Distribution, numbers and migrations of the Short-toed Eagle in Kiev Region

S. V. Domashevsky
The Ukrainian Society for the Protection of Birds
Materials of the work have been gathered during the period 1992-2005. The method of the study of Short-toed Eagle distribution and numbers in Kiev Region lied in registration of territorial birds in breeding and hunting zones in summer and in the end of spring.

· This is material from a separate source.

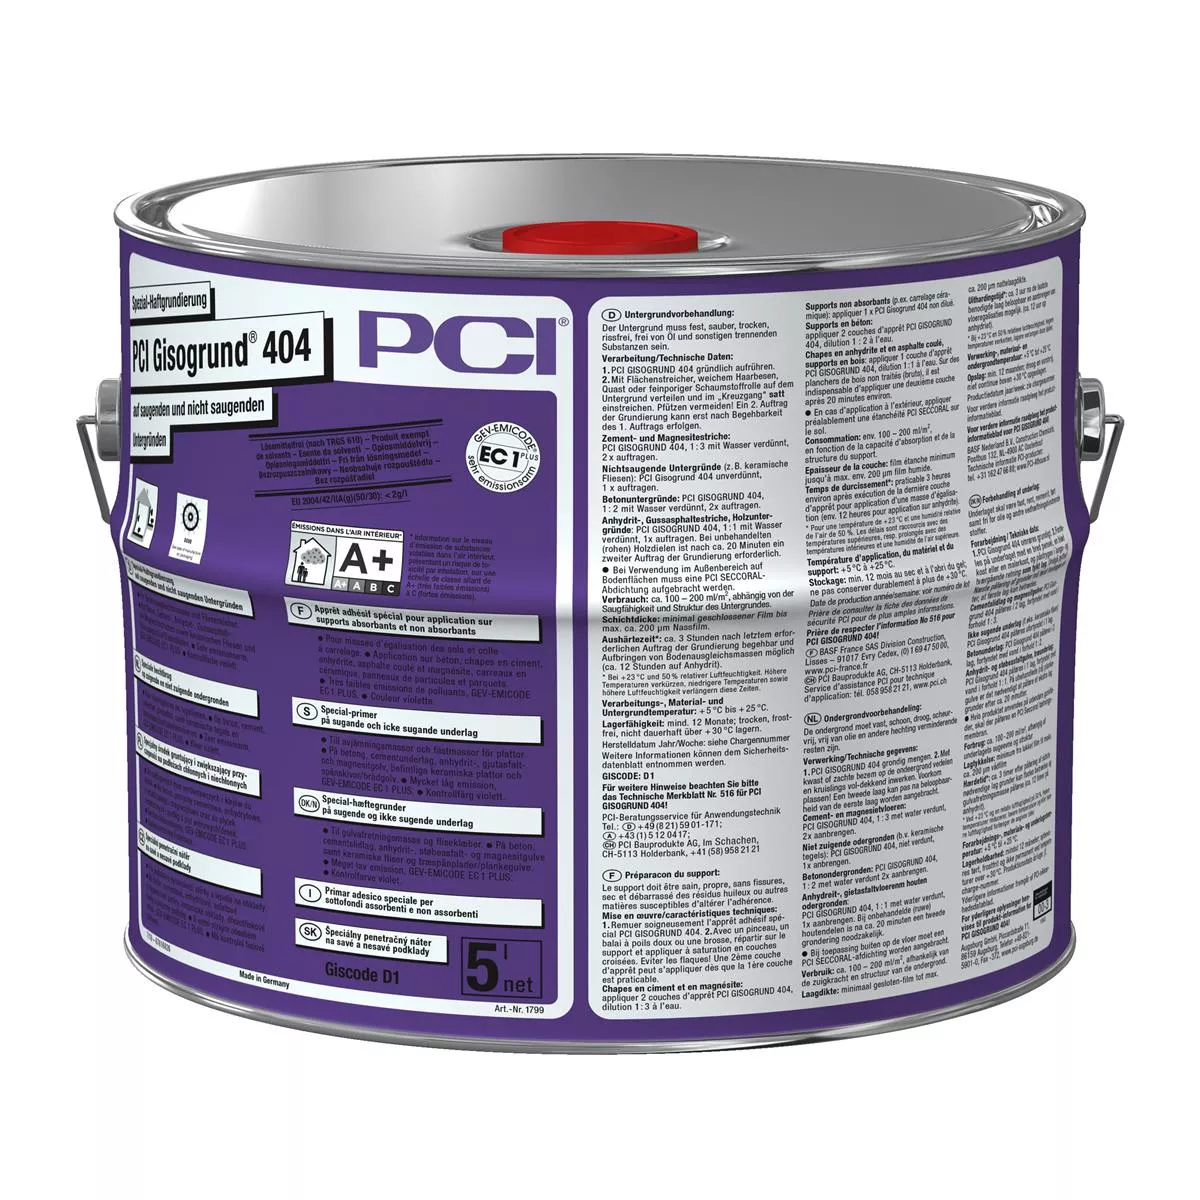 PCI Gisogrund 404 imprimación especial de adherencia violeta 5L

In Ukraine Short-toed Eagle is a breeding and migrant bird. In the last century Kiev Region was one of few regions where the largest number of nests had been found, and where many territorial birds had been registered. The whole area of Kiev Region amounts to 28.1 thousands km2.
Short-toed eagle is extremely irregularly distributed in the Kiev Region. Registered territorial pairs are concentrated in the Poles’e (northern part of the Region). Such allocation is caused, first of all, by availability of nesting biotopes (preference of pine and mixed forests alternating with open areas has been noticed) and also by higher number of swamp territories, where the main food of Short-toed Eagle is abundant.
Analyzing the results of the research, we can determine that in Kiev Region the number of registered territorial pairs of Short-toed Eagle is about 38-41 pairs. Considering that the prospecting of the Region has not been complete, especially inside the closed zone around the Chernobyl atomic power plant (with a radius about 30 km2), it is possible to suppose the breeding of 10-15 pairs more, so that the whole amounts to 48-56 pairs.
The spring migration passes rapidly. A peak of the flight falls at the first decade of April. The whole number of registered birds is 20. Appearing of the first birds in the Region has been registered: 6.04.1995; 31.03.1996; 2.04.1997; 7.04.1999; 9.04.2000; 3.04.2001; 30.03.2002; 10.04.2003; 4.04.2004 and 3.04.2005.
The autumn departure occurs early. The first individuals have been remarked 10.08.1993. Short-toed Eagles don’t gather during migration. They fly one by one or rarely by pairs. The migration direction is southern and south-western. The peak falls at end of the second and at beginning of the third decades of September. The whole number of registered birds is 37. The latest bird has been met on October 5th in 1995.